Murrelet Habitat Setup Shouldn’t Be Vacated

     (CN) – Logging interests failed to interrupt the creation of habitat protections in the Pacific Northwest for the endangered marbled murrelet, a federal judge ruled.
     Marbled murrelets are small seabirds that nest in coastal, old-growth forests throughout California, Oregon and Washington. They typically grow to about 10 inches long, and are characterized by dark plumage on their backs and mottled white feathers on their stomachs.
     Unlike most birds of their scientific family, marbled murrelets do not build nests in trees or on the sides of cliffs. Instead, they lay a single egg on a platform of moss or lichen formed where tree branches join the trunks of coniferous trees like Douglas fir and Sitka spruce.
     The U.S. Fish and Wildlife Service listed the marbled murrelet’s populations in the Pacific Northwest as threatened in 1992, and designated critical habitat for the species in 1996.
     American Forest Resource Council challenged the designation alongside Douglas County, Ore., and Carpenters Industrial Council. They sought delisting based on the agency’s failure to specify whether the murrelet’s tri-state population constituted a distinct population segment.
     After two five-year studies, Fish and Wildlife determined that the murrelet’s populations in the Pacific Northwest did form a distinct population segment (DPS) and that delisting the bird was therefore unwarranted.
     The Resource Council sued Fish and Wildlife in January 2012, arguing that its designation was unlawful because it included the central Californian murrelets as part of the protected population without evidence that these birds interbred with other populations.
     The parties proposed a consent decree to vacate the designation of critical habitat and remand the issue to FWS for new rulemaking.
     U.S. District Judge John Bates found earlier this year found that Fish and Wildlife’s decision was not arbitrary or capricious. He said the habitat designation should not be entirely vacated because Fish and Wildlife did not explain how it was deficient.
     Fish and Wildlife then told the court that the lacking explanation of critical habitat meant that it could no longer defend the 1996 designation. It said the critical habitat designation should be remanded without vacatur for a period two years shorter than that proposed in the consent decree.

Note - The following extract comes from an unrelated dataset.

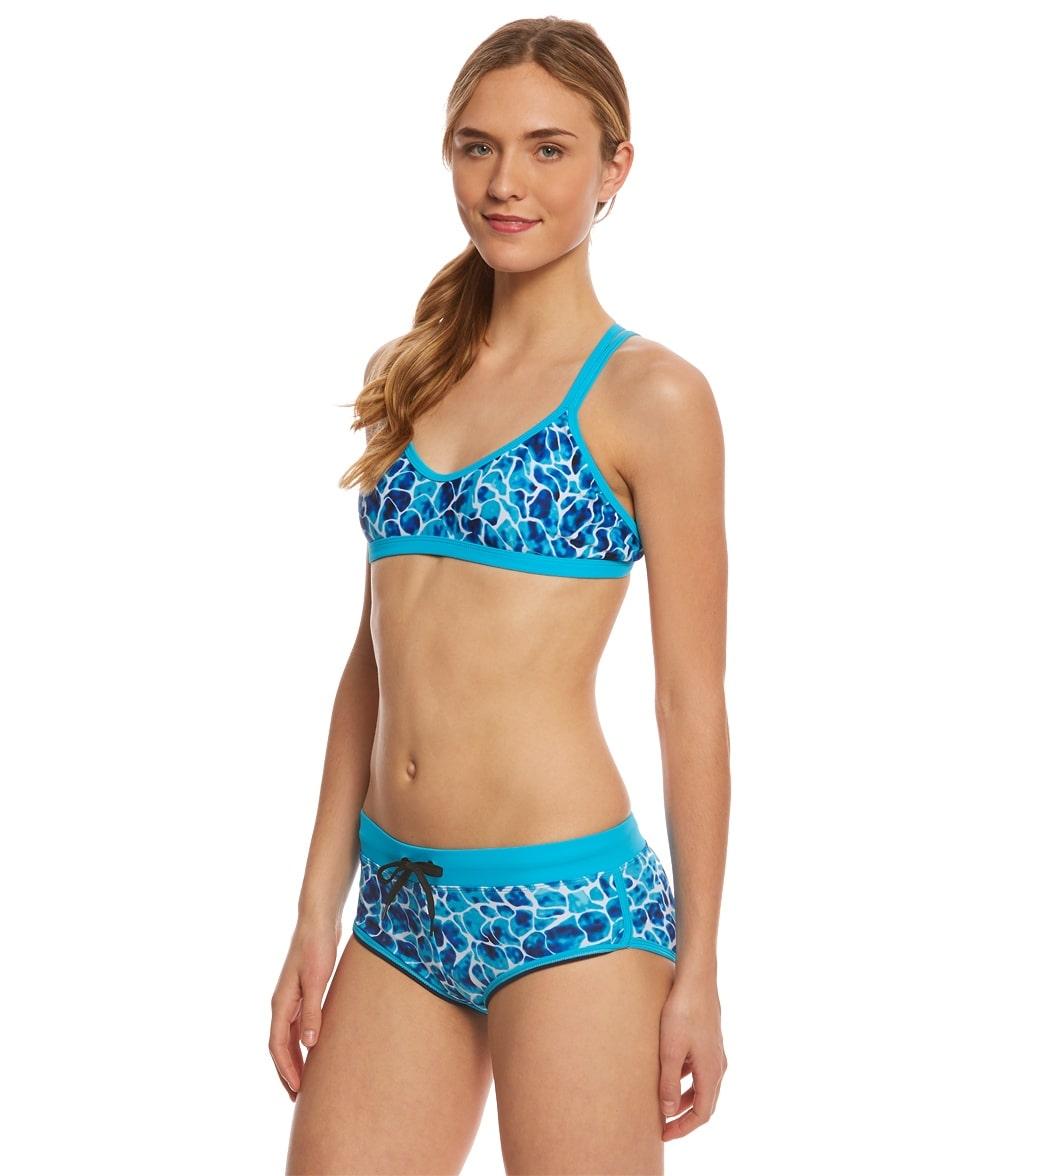 c21a0e38e4a Waterpro Women's Coral Double Strap Bikini Set at SwimOutlet.com

     The Resource Council meanwhile claimed that the remand memorandum should be completely vacated.
     U.S. District Judge John Bates in Washington sided with Fish and Wildlife on Thursday, noting that vacatur would delay work on a new designation until 2018.
     The Resource Council claimed Fish and Wildlife’s remand memorandum failed to address relevant factors, such as the “reasonableness” of including an allegedly genetically distinct population in the protected population and whether the central California murrelet should have its own distinct population segment.
     Bates rejected these arguments, pointing out that Fish and Wildlife’s memorandum demonstrated that there were low levels of interbreeding between the central California murrelets and other populations.
     He also found that the agency did not have to address the issue of establishing a separate population for central California murrelets.
     In the previous ruling, “the court did not hold that FWS had to address, specifically and on the record, whether central California murrelets should be designated as a separate DPS, and it will not impose such a requirement now,” Bates wrote.
     Bates found nothing arbitrary of capricious with Fish and Wildlife’s failure to consider relevant factors.
     The Resource Council also claimed that upholding previous habitat protections for the marbled murrelet while Fish and Wildlife re-examines its critical habitat designation will harm the timber industry by hindering the collection of timber and causing federal timber sales in the Pacific Northwest to decline.
     Though Bates acknowledged that the current habitat rule is “flawed,” he rejected the Resource Council’s arguments about the alleged costs of remand without vacatur as “too abstract and speculative to clearly outweigh its benefits.”
     Remanding the designation to Fish and Wildlife will allow the agency to fix its previous mistakes while saving both the court and the parties money, the ruling states.
     “The court concludes that, although AFRC [the Resource Council] has raised some legitimate objections, it will not be unduly prejudiced by remand without vacatur,” Bates wrote. “As a practical matter, since briefing on the merits has not yet transpired, it would be many months before a decision on the merits could be rendered by the court. The critical habitat designation would remain in force during that time regardless of the court’s decision today, and so the additional amount of time that AFRC will be subject to the rule as a result of voluntary remand is actually less than three years. … The real possibility that the rule’s deficiencies can be addressed on remand, and hence that the rule would not be vacated in any case, decreases the expected benefit to AFRC and the public of going forward with this litigation now. That possibility also increases the likelihood that a three-year interim vacatur will be unduly disruptive.”
     Bates remanded the murrelet critical habitat designation to Fish and Wildlife, and ordered the agency to propose new habitat by Sept. 30, 2015.
     The defendants in the case are Fish and Wildlife Service director Daniel Ashe and Secretary of the Interior Sally Jewell.
     The Audubon Society of Portland; Seattle Audubon Society; Center for Biological Diversity; Oregon Wild; Conservation Northwest; Environmental Protection Information Center; and Sierra Club intervened as defendants.